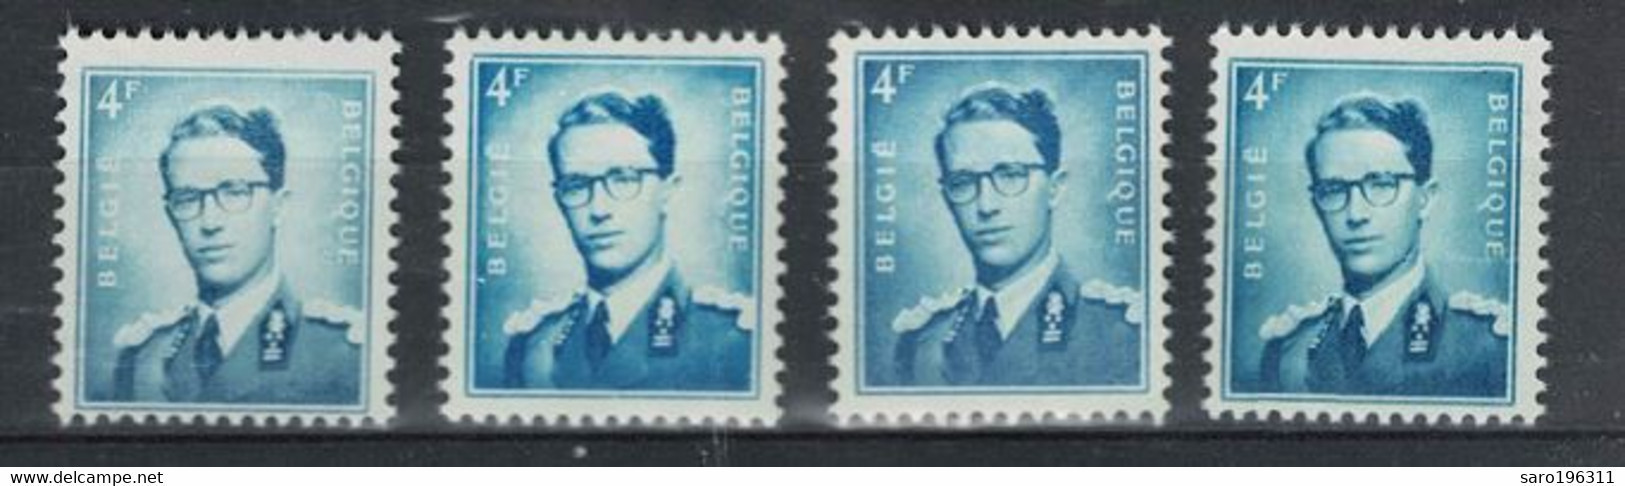 LIQUIDATION  ** / MNH  ROI BAUDOUIN N° 926 Avec  NUANCES à   1,39 - Unused Stamps
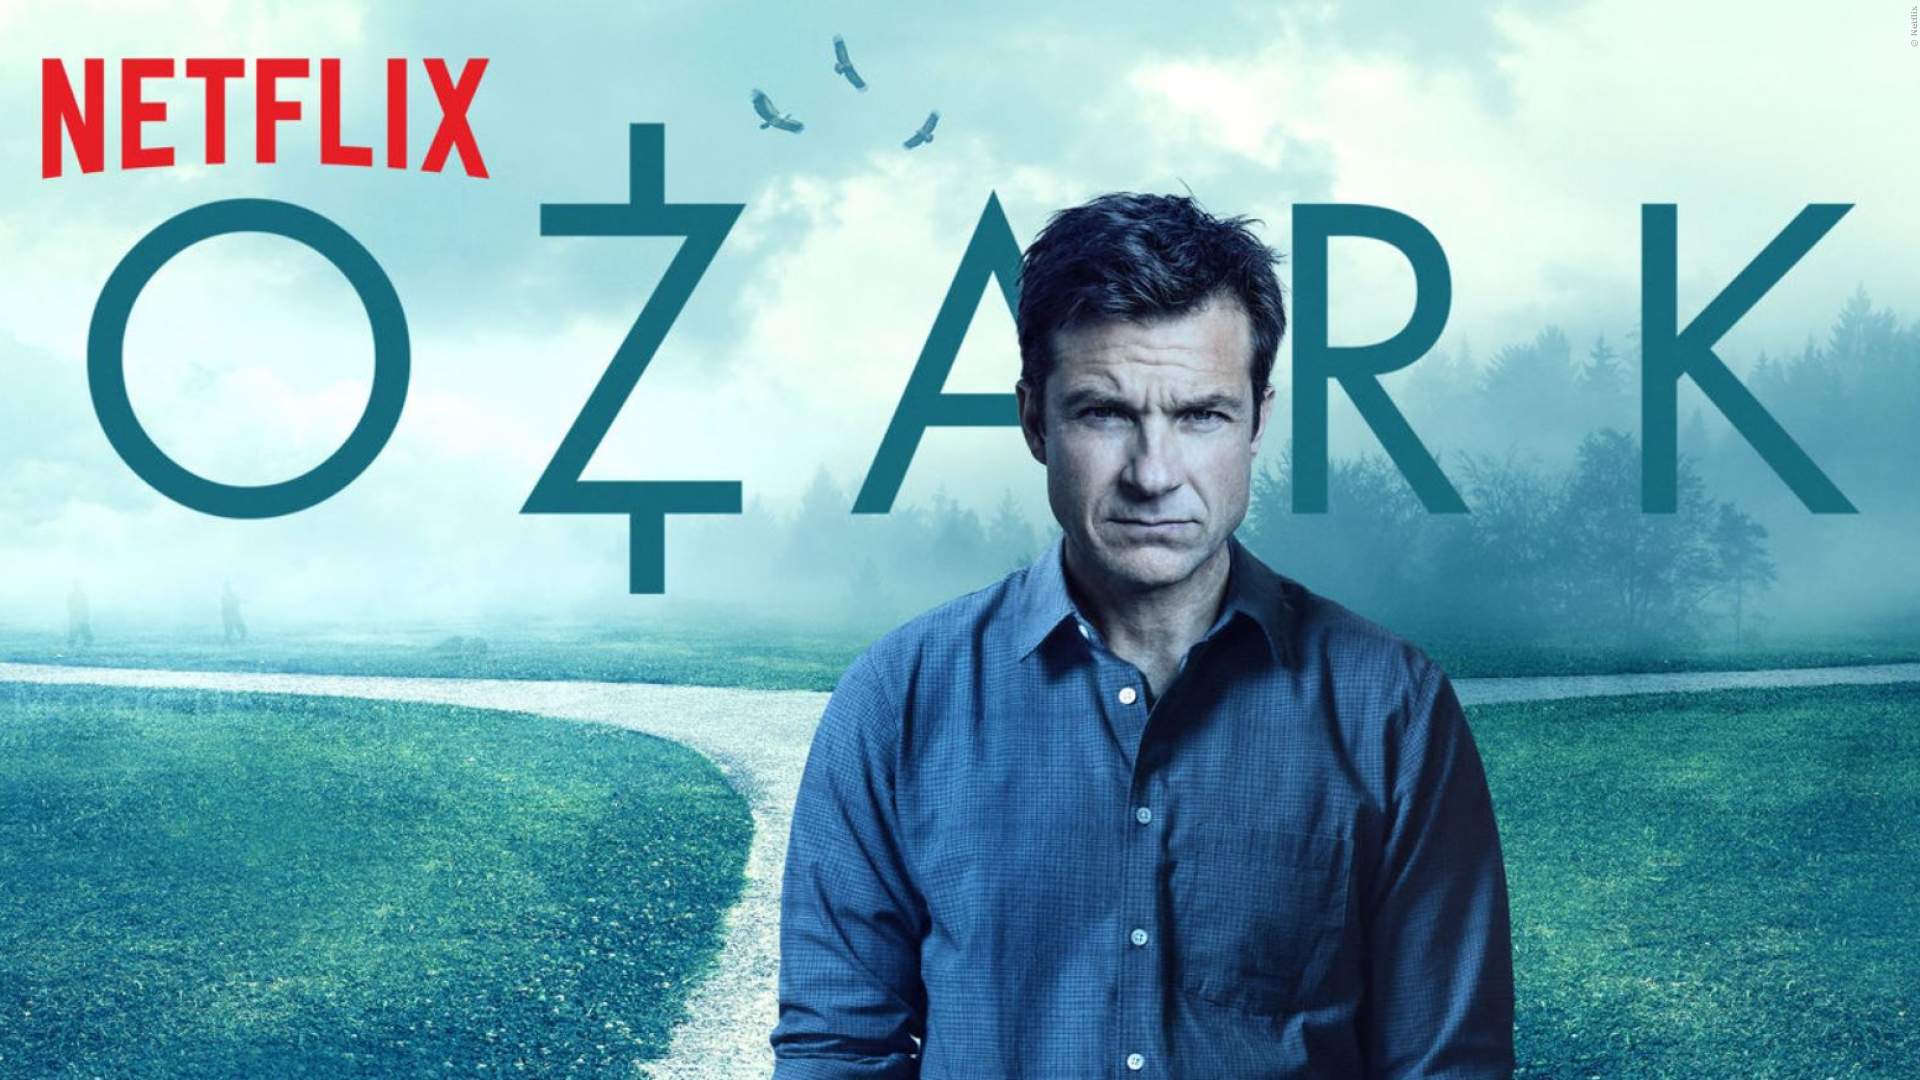 Ozark season 3 release date announced by Netflix
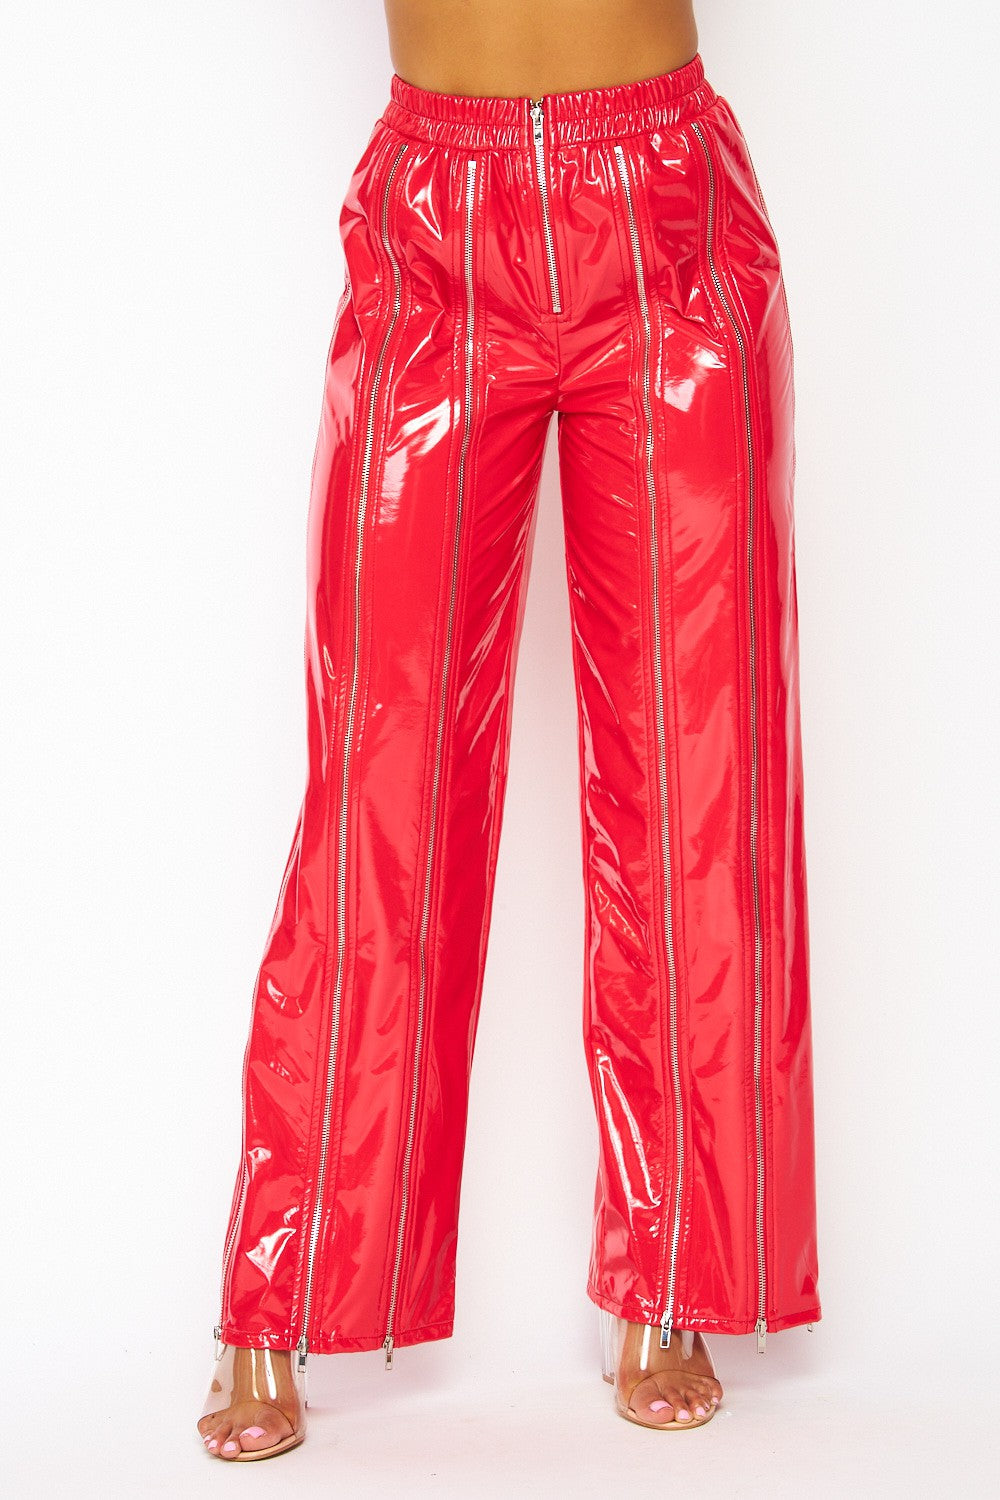 Lottie Multi Zipper Shiny Faux Leather Pants
----
» **WHAT YOU HAVE TO DO**:
The material above should be printed again exactly, with each picture left out.

» **ANSWER SPACE**:
 LIQUIDATION  ** / MNH  ROI BAUDOUIN N° 926 Avec  NUANCES à   1,39 - Unused Stamps
 Ozark season 3 release date announced by Netflix
 Lottie Multi Zipper Shiny Faux Leather Pants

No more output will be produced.